# New Merlin



## tuxbailey (Jul 24, 2009)

First post here. I just acquired this beauty last Friday. 

Really got lucky, 2005 Extralight with Chorus 10s and proton wheelset for $1,500.

I can't wait for the road to be cleared so I can try it out


----------



## foggypeake (Sep 11, 2005)

Beautiful bike, and a bargain to boot. Not a bad combination. Ride it and enjoy (probably) the last bike you will need to buy (notice I said need).


----------



## tuxbailey (Jul 24, 2009)

foggypeake said:


> Beautiful bike, and a bargain to boot. Not a bad combination. Ride it and enjoy (probably) the last bike you will need to buy (notice I said need).


I hope I can ride it soon, after the white stuff are gone in MD, which will be a while. Oh well, gives me time to get pedals, fit the bike, etc.


----------



## foggypeake (Sep 11, 2005)

Like you, I am suffering in the snow in MD, eagerly awaiting another 10-15"! Looks like another session on the trainer followed by an "upper body workout" shoveling snow.


----------



## wasserbox (Mar 17, 2002)

That's what I love about Ti. That frame is eggzactly the same as my 2009 Xtralight.

You're going to LOVE it.


----------



## tuxbailey (Jul 24, 2009)

wasserbox said:


> That's what I love about Ti. That frame is eggzactly the same as my 2009 Xtralight.
> 
> You're going to LOVE it.


Thanks! There are like 3 ft of snow piled around here. It hurts so much that I can't ride the bike yet.
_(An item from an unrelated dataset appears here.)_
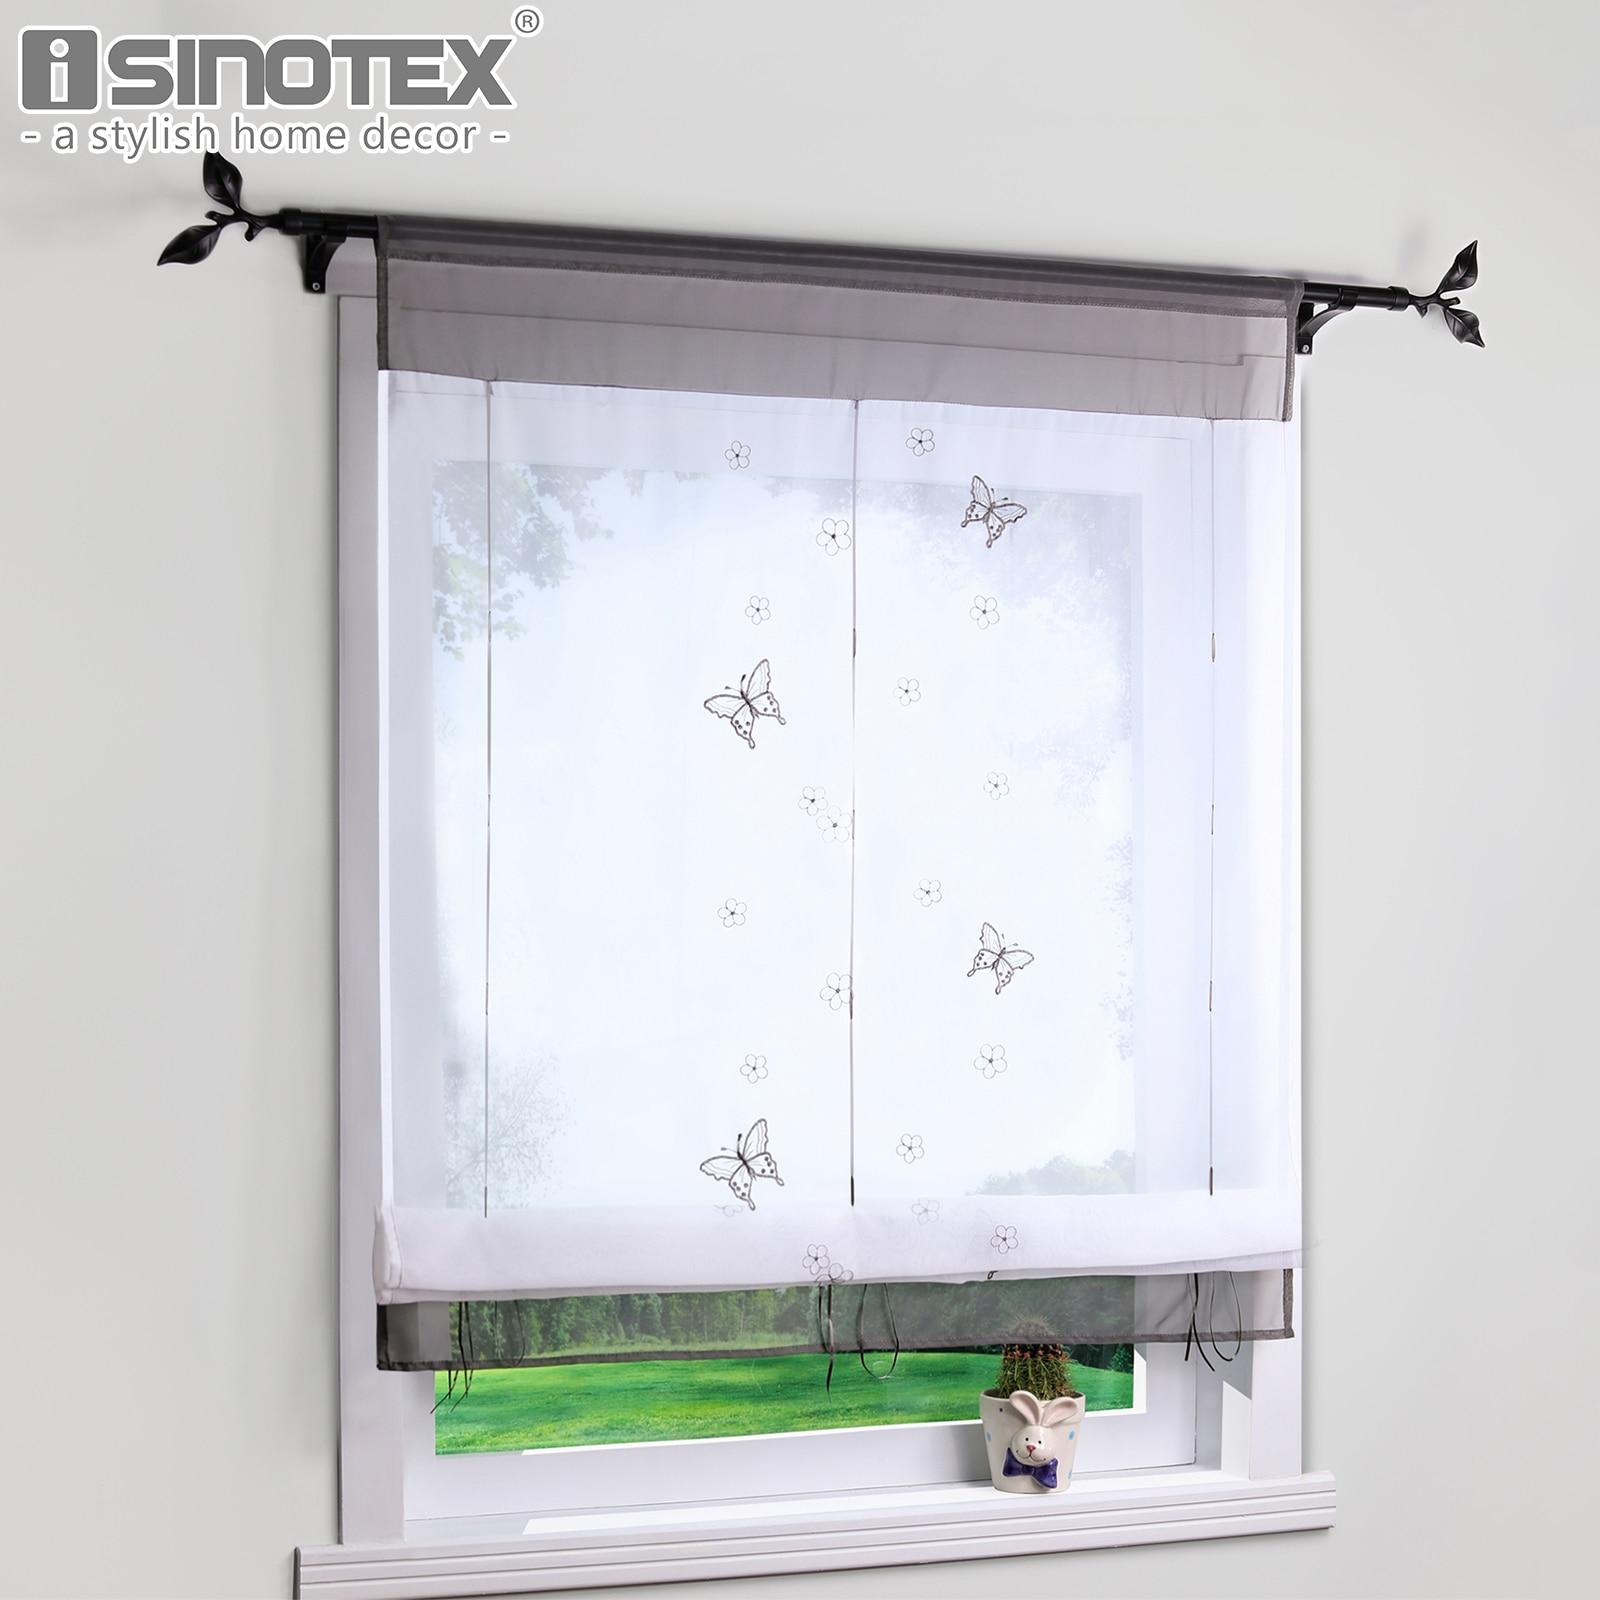 b661542cb Cortina romana Pastoral cortinas de tul bordadas para la cocina sala de  estar ventana transparente Panel de criba de gasa cortina 1 unids/lote ...

All I can do is just go downstairs and check on the bike...

I think the geometry is a little different from 2005 to 2009 but the look should still be the same.


----------



## CoLiKe20 (Jan 30, 2006)

that's a GREAT price. Very nice.


----------



## stelvio1925 (Oct 29, 2008)

Great bike at a great price! Congrats. Almost identical to my own 2009 build. Let us know of your ride impressions later in the season. Which fork does the frame have?


----------



## tuxbailey (Jul 24, 2009)

stelvio1925 said:


> Great bike at a great price! Congrats. Almost identical to my own 2009 build. Let us know of your ride impressions later in the season. Which fork does the frame have?


Thanks (and to CoLike20 as well.) I am not sure what fork it has. It is Merlin factory branded but I think it is Reynold form I have read...

I went out a few times already and I love it. I am faster too. But it probably has to do with weight loss and increase fitness from last year; and we know it is not about the bike  But it is definitely easier to climb and it is soooo smooth on the road, bumps or not; just like butter.

However, I can't deny that the joy it provides is significantly more than my previous bike. Placebo effect is powerful.

I have made some upgrade already, including a Thomson Elite seat post, Look Keo Carbon and I am waiting for a Fizik Arione.


----------



## tuxbailey (Jul 24, 2009)

*Updated Picture*

After 9 months of ownership, the bike has been changed a bit.


----------